Die MLB-Saison steht nach wie vor in den Sternen, aber dennoch hat sich in den letzten Tagen einiges getan in der Baseball-Welt. Die langwierigen Untersuchungen der Sign-Stealing-Vorwürfe gegen die Boston Red Sox wurden abgeschlossen und das Strafmaß verkündet. In den geplanten Verkauf der New York Mets kommt offenbar Bewegung und auch in den Minor Leagues gibt es interessante Entwicklungen. In Taiwan läuft seit zwei Wochen der Spielbetrieb, Südkorea soll in Kürze folgen.

Milde Strafe für Red Sox
Vor Corona war das große Thema dieser Offseason der Sign-Stealinng-Skandal um die Meisterteams von 2017 und 2018. Die Houston Astros wurden im Januar von der Liga zu heftigen Strafen verurteilt, weil sie in der Saison 2017 ein umfangreiches System eingesetzt hatten, um die Zeichen zwischen gegnerischen Catchern und Pitchern auszuspionieren. Vielen gingen diese Strafen nicht weit genug, weil die beteiligten Spieler ungeschoren davon kamen und weil die Astros den Meistertitel behalten durften.

Da es gegen die Boston Red Sox von 2018 ähnliche Vorwürfe gab, strengte die Liga eine weitere Untersuchung an, deren Ergebnis seit Monaten mit Spannung erwartet wurde. Interessant schien vor allem die Rolle von Alex Cora – er war 2017 Bench Coach der Astros und 2018 Manager der Red Sox.

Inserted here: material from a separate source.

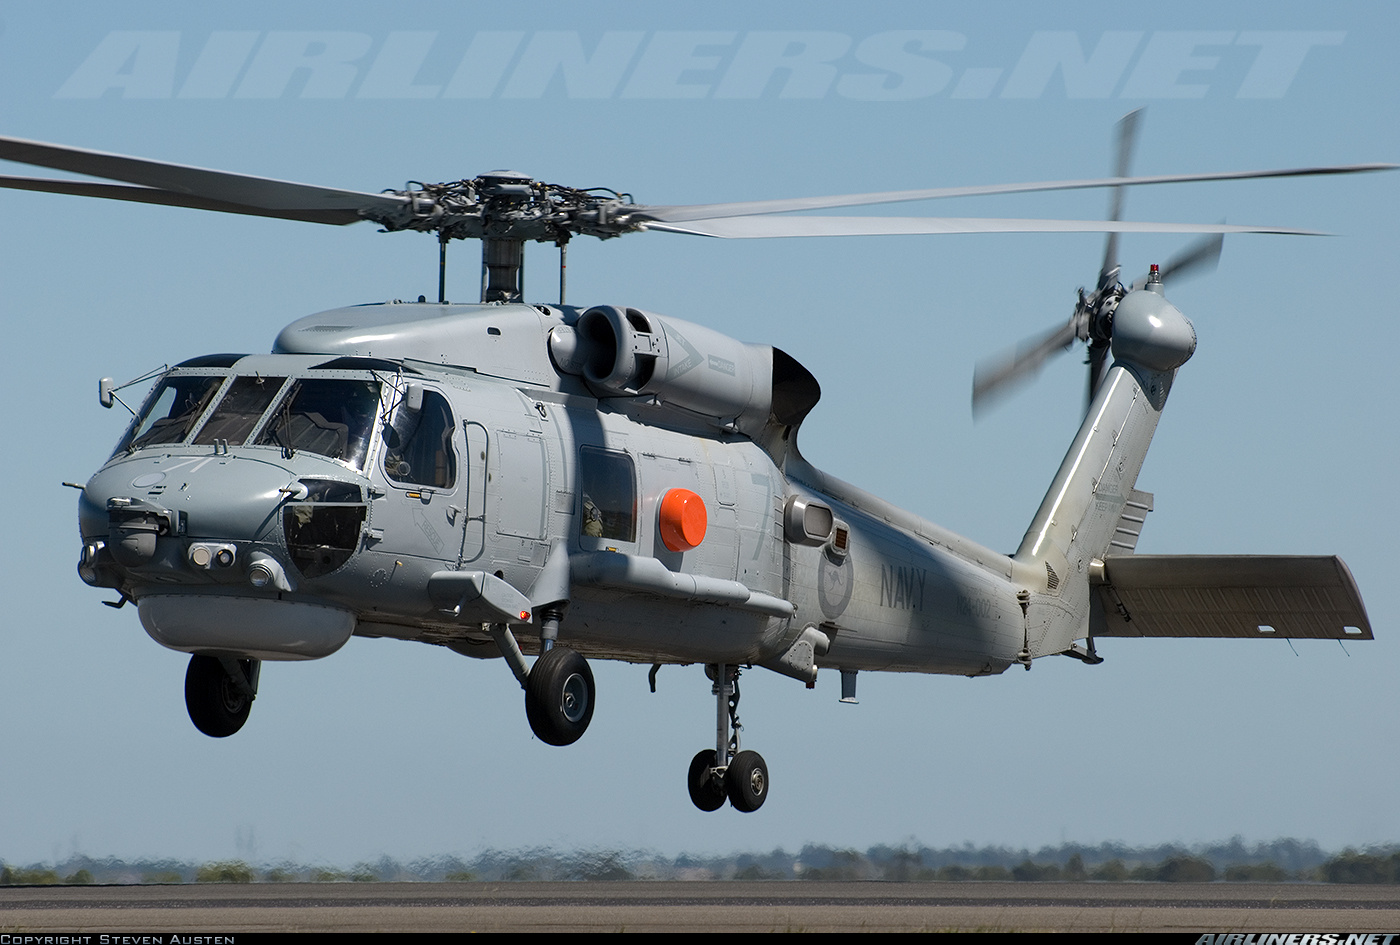 Вертолет S-70B-2 Seahawk ВМФ Австралии.

Die MLB hat nun ihre Untersuchungsergebnisse veröffentlicht, und wer ein hartes Durchgreifen gegenüber den Red Sox und Cora erwartet hatte, wird enttäuscht sein: Die Strafen fallen vergleichsweise milde aus, denn die Ligaleitung ist überzeugt, dass es sich im Wesentlichen um Verfehlungen eines einzelnen Angestellten handelte: Replay-Koordinator J. T. Watkins hat dem Bericht zufolge „zumindest in einigen Fällen“ den Videoraum missbraucht, um Spielern des eigenen Teams Tipps zukommen zu lassen. Dafür wird Watkins zwei Jahre lang gesperrt, und dem Klub wird ein Zweitrundenpick in der Draft 2020 aberkannt. Alex Cora erhält eine Sperre für ein Jahr – diese bezieht sich aber ausdrücklich auf sein Mitwirken am Sign-Stealing-System der Astros. Für seine Zeit bei den Red Sox wurde ihm kein Fehlverhalten nachgewiesen.

Minor Leagues werden wohl reduziert
Seit letzten November ist bekannt, dass die MLB erwägt, die Minor Leagues neu zu organisieren und dabei 42 Teams und Standorte aufzugeben. Der Widerstand gegen diese Pläne war groß, da die betreffenden Städte und lokalen Fanbasen an ihren Teams hängen, zumal diese zahlreiche Arbeitsplätze für Spieler und sonstiges Personal verantworten. Nun sieht es laut Berichten unter anderem von Baseball America allerdings so aus, dass die Minor Leagues möglicherweise einlenken und den Plan akzeptieren. Nicht zuletzt durch die Coronakrise ist offenbar die Bereitschaft gestiegen, der Reduzierung zuzustimmen, wenn im Gegensatz stärkere wirtschaftliche Unterstützungen und Garantien für die verbleibenden Teams und Ligen gewährt werden.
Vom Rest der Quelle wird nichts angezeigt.